Finland's landscapes are a glorious variation on the themes of forest and water, where the comforts of modern life are never far away. Yet each region has its distinct character, from the wilds of Lapland to the inspiring lakes of the East and the archipelagos of the South-West. Finland is full of interesting contrasts, such as the four seasons, the midnight sun and the long winter nights and the different cultural heritages of the Eastern and Western parts of the country.
The Republic of Finland is a Nordic country situated in the Fennoscandian region of northern Europe. It borders Sweden on the west, Russia on the east, and Norway on the north, while Estonia lies to its south across the Gulf of Finland. The capital city is Helsinki.
Around 5.3 million people reside in Finland, with the majority concentrated in the southern part of the country. Finland is the most sparsely populated country in the European Union.
Finland is a country of thousands of lakes and islands 187,888 lakes and 179,584 islands. The Finnish landscape is mostly flat with few hills, and its highest point, the Halti at 1,324 metres, is found in the extreme north of Lapland at the border between Finland and Norway.

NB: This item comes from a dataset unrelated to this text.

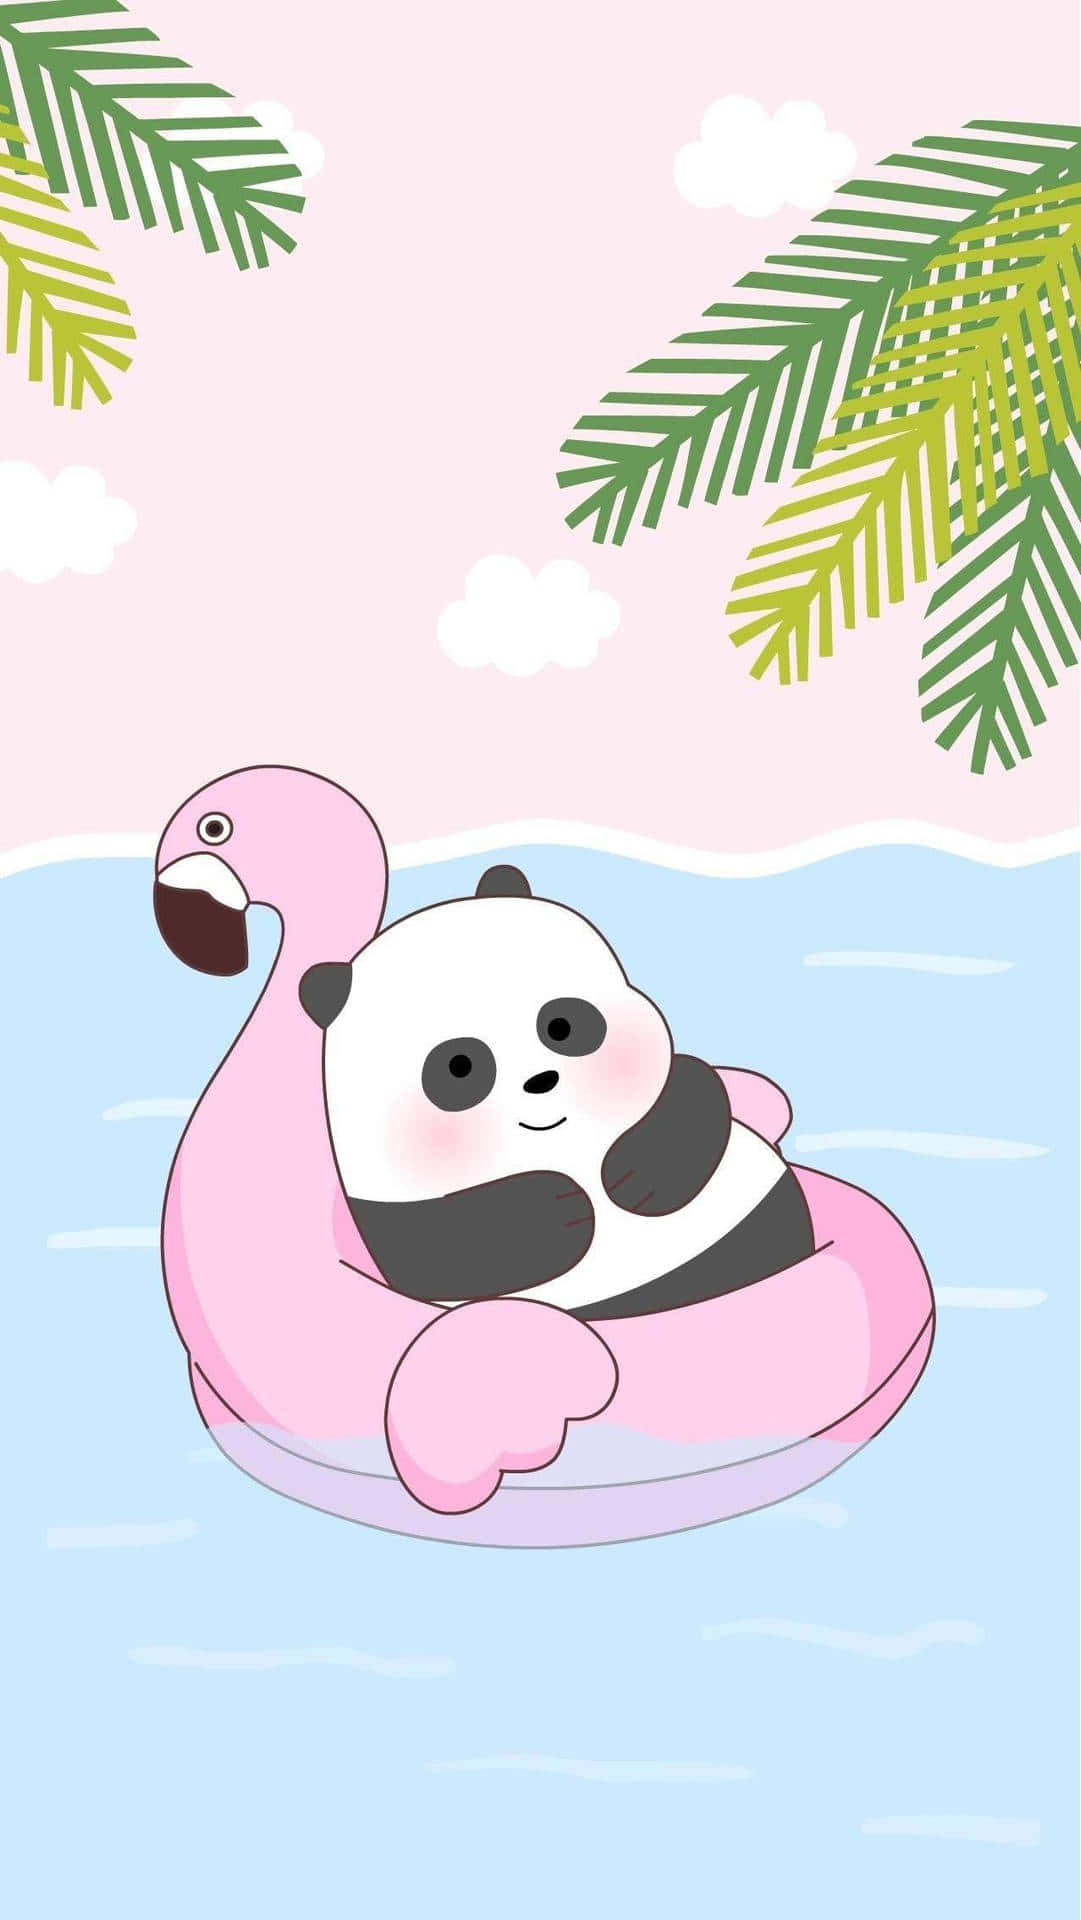 Söttecknad Panda Och Flamingo Till Dator Eller Mobilbakgrund. Wallpaper

Finland is one of the few countries in the world whose surface area is still growing. Owing to the post-glacial rebound that has been taking place since the last ice age, the surface area of the country is growing by about 7 square kilometres a year.

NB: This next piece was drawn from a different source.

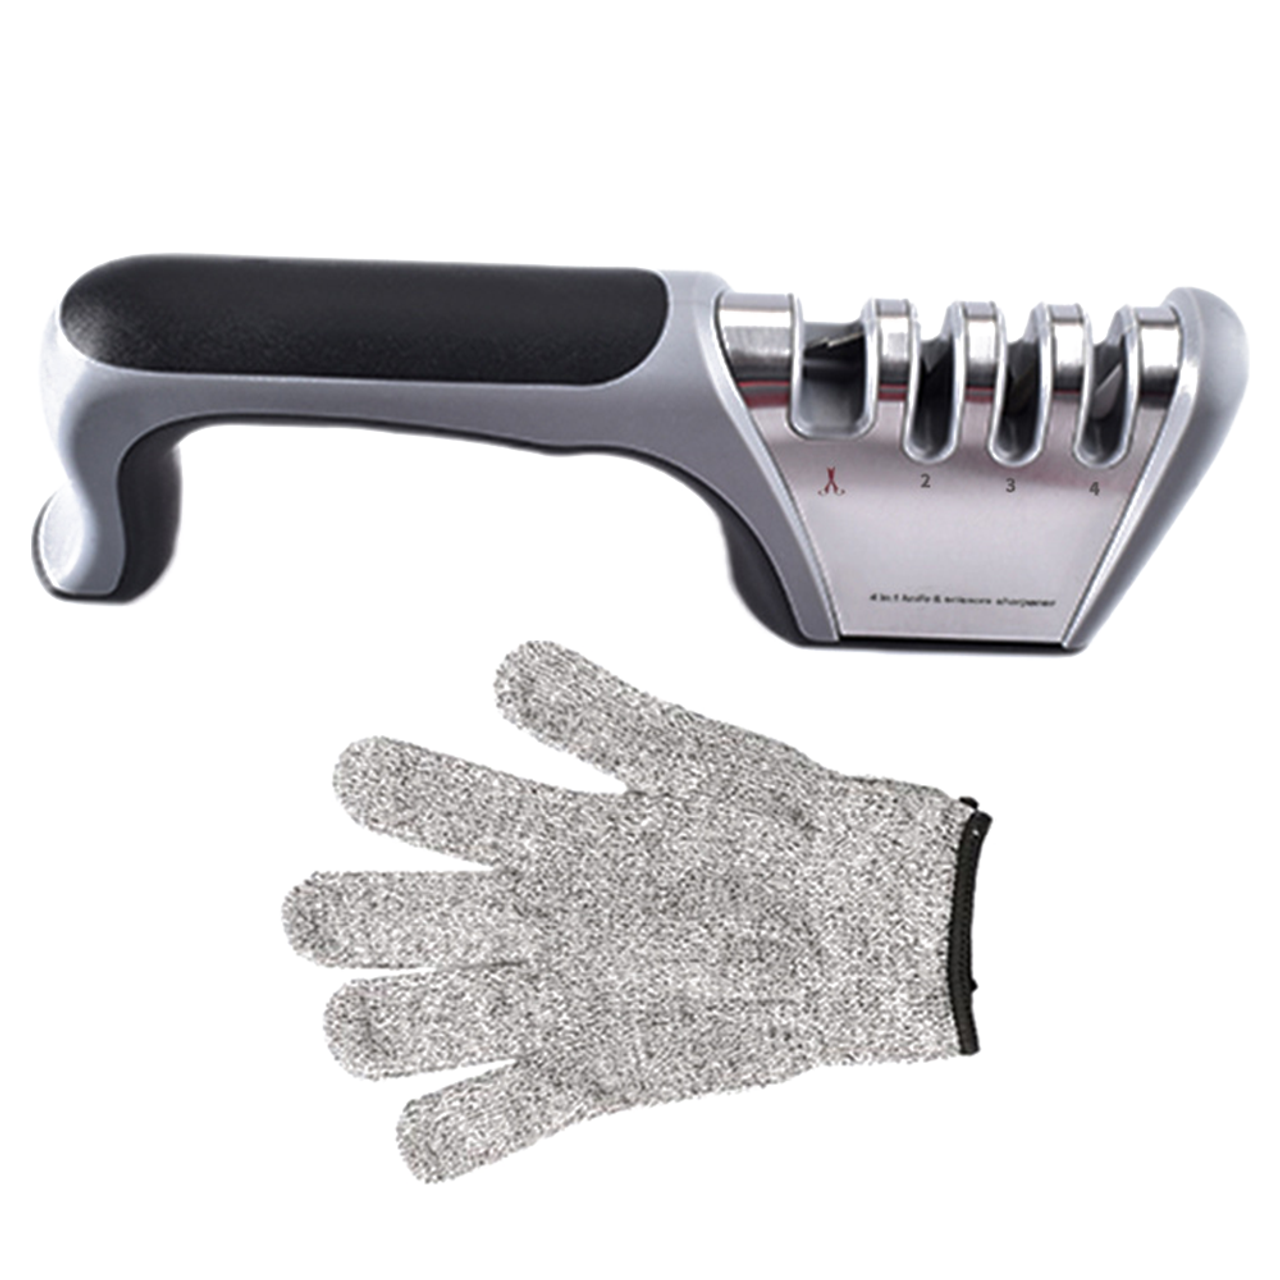 Diamond Kitchen Knife Sharpener & Scissors Sharpener With Safety Glove

The distance from the most Southern point Hanko to the most northern point of Finland Nuorgam is 1,445 kilometres driving distance, which would take approximately 18.5 hours to drive. This is very similar to Great Britain (Land's End to John o' Groats).

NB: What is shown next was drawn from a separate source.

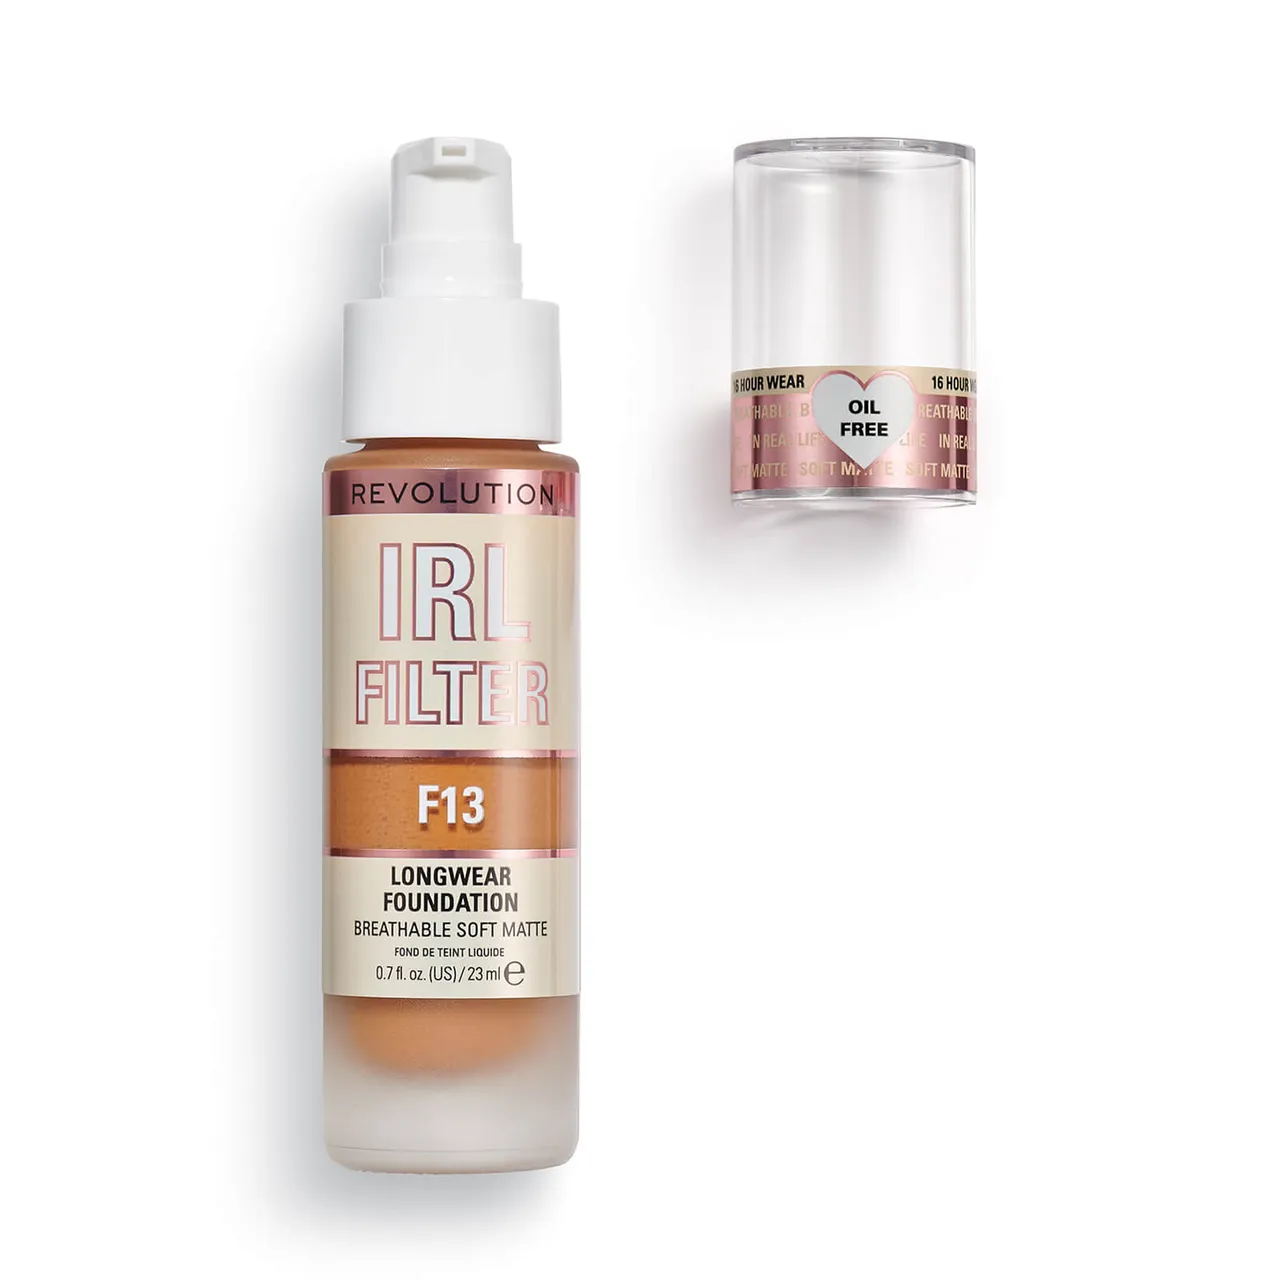 Makeup Revolution IRL Filter Longwear Foundation 23ml (Various Shades) - F13

Winters of southern Finland are usually 4 to 5 months long and the snow covers the land about 4 months of every year. The coldest winter days of southern Finland are usually -20C, and the warmest days of July and early August can be 25C to 30C. Summers in the southern Finland last 4 months (from mid-May to mid-September). In Northern Finland, a subarctic climate dominates, characterized by cold, occasionally severe winters and relatively warm summers. Winters in north Finland are nearly 7 months long. Summers in the north are quite short, only 2 to 3 months. The highest temperatures on the warmest summer days of July, are rarely above 20C to 25C.